BEER Group Read. spring and a burning bush
Fiona Shnapple
fionashnapple at gmail.com
Sun Oct 13 05:39:52 CDT 2013
3. the vision, is the blessing of the sun, of the creation, of life,
the cosmic organism.
On Sun, Oct 13, 2013 at 6:32 AM, Fiona Shnapple <fionashnapple at gmail.com> wrote:
> It's not easy to say much without digging deeper into the book,
> but...a book about death is also a book about survival and life and
> remembrance.
>
> 1. these trees are common in NYC and on the UWS.
> 2. they are known for their great strength, their resiliency, the
> ability to survive pollution and salting and sloshing of waste waters,
> in fact, they are said to thrive under these conditions
> 4. in a uws meeting people talk about them, planting them, saving
> them, not planting so many on the same street..etc.
> 5. the debates can get testy but are nothing when compared with the
> debate, a furious debate about the wtc, its museum and memorials,etc.,
> this continues, though the worst seems to have ended, their is general
> agreement that the pear tree, the survivor tree, is an appropriate
> symbol, or...not symbol but, well, for many it is more than a symbol,
> so and here we can dig into Eliade and Widengrean, and believe me,
> people did, and do.
> 6. Maxine, taking time for her children, to care for the children of
> her neighbors, to live deliberately, takes communion with the visible
> form of Nature.
>
> http://www.vcu.edu/engweb/webtexts/Bryant/thanatopsis.html
>
> http://en.wikipedia.org/wiki/File:The_Survivor_Tree_at_the_National_September_11_Memorial.jpg
>
> On Sun, Oct 13, 2013 at 12:24 AM, John Bailey <sundayjb at gmail.com> wrote:
>> Anyone here have a strong knowledge of the significance of the burning
>> bush in strands of Jewish mysticism? I only know it through a
>> half-remembered Catholic childhood, in which the bush was basically an
>> avatar of God, or maybe just a speakerphone.
>>
>> The otherworldly light recurs in the novel and Maxine's response to it
>> changes. What's the 'God' here? I reckon there'll be a few theses
>> written on it.
>>
>> Also on certain acts of refusal or turning away. No posting spoilers,
>> to be polite.
>>
>> On Sun, Oct 13, 2013 at 12:49 PM, Mark Kohut <markekohut at yahoo.com> wrote:
>>> First day of spring. Equinox. A pagan celebration co-opted by The Church. Someone, Laura, wanted
>>> an example of simple fine writing: how about here, first page, about the Callery Pears on the Upper West Side
>>> and "sunlight finding its way past rooflines and water tanks to the end of the block and into one particular tree,
>>> which all at once is filled with light." Such an image, why?
>>>
>>> I suggest we get the author's almost-religious love of nature and light, the pantheistic or panentheistic vision, as we wrote
>>> about it in that Book of Light, Against the Day embodied in that illuminated Callery Pear tree that catches
>>> secular Maxine like that Biblical bush caught Moses.

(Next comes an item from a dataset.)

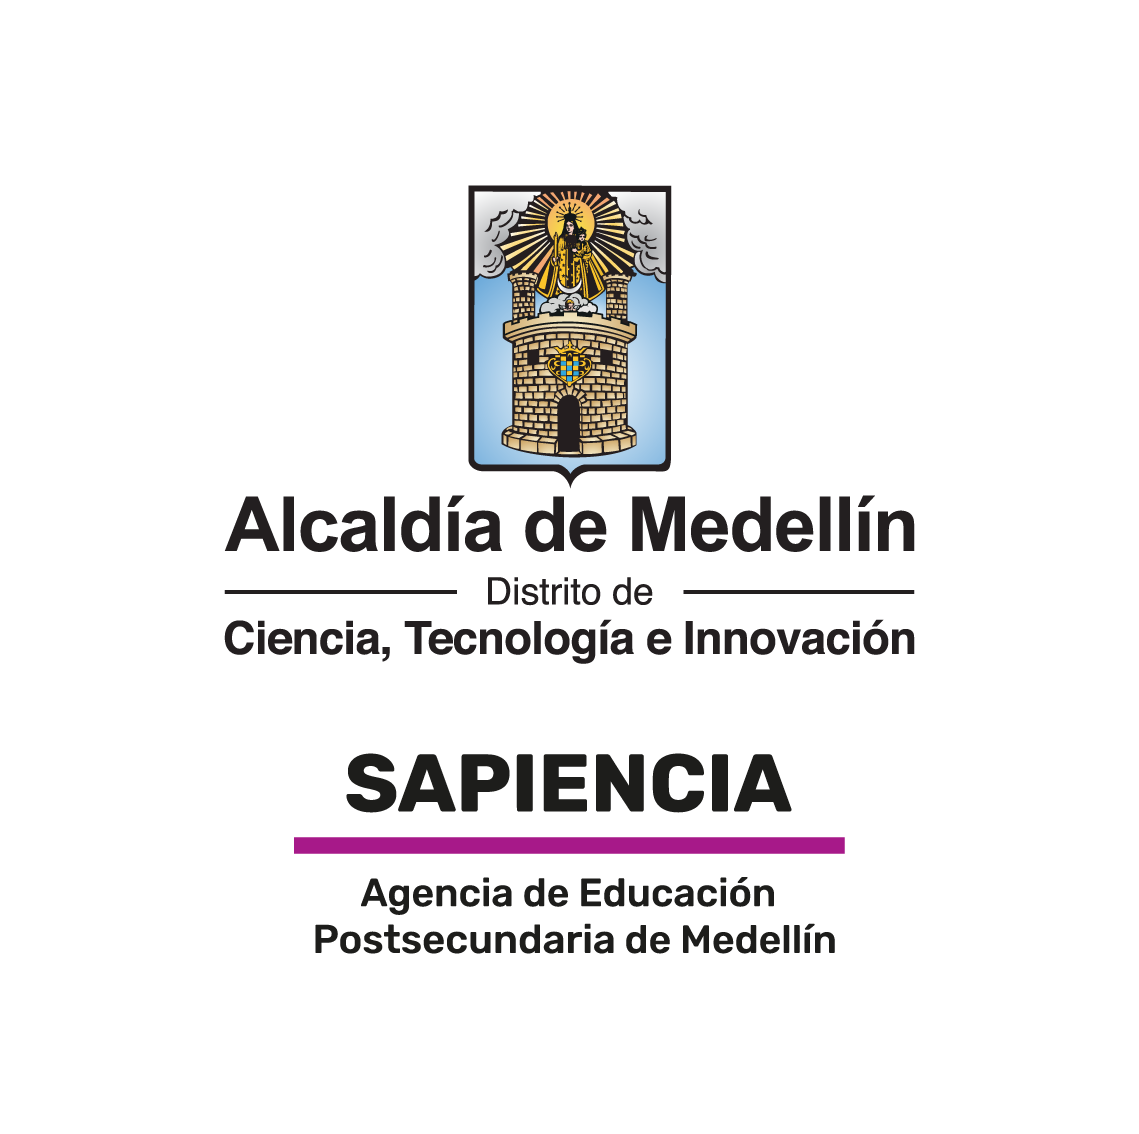 Sapiencia. Encuentra oportunidades para estudiar en Medellín con los Fondos y Becas de la Alcaldía de Medellín.

>>> "As a powerful religious symbol, the burning bush represents many things to Jews and Christians such as God's miraculous energy, sacred light, illumination, and the burning heart of purity, love and clarity."--wikipedia
>>>
>>> If Oedipa wanted, tried, to hear the Word, but couldn;t Maxine sees god in a Callery Pear tree fifty years later.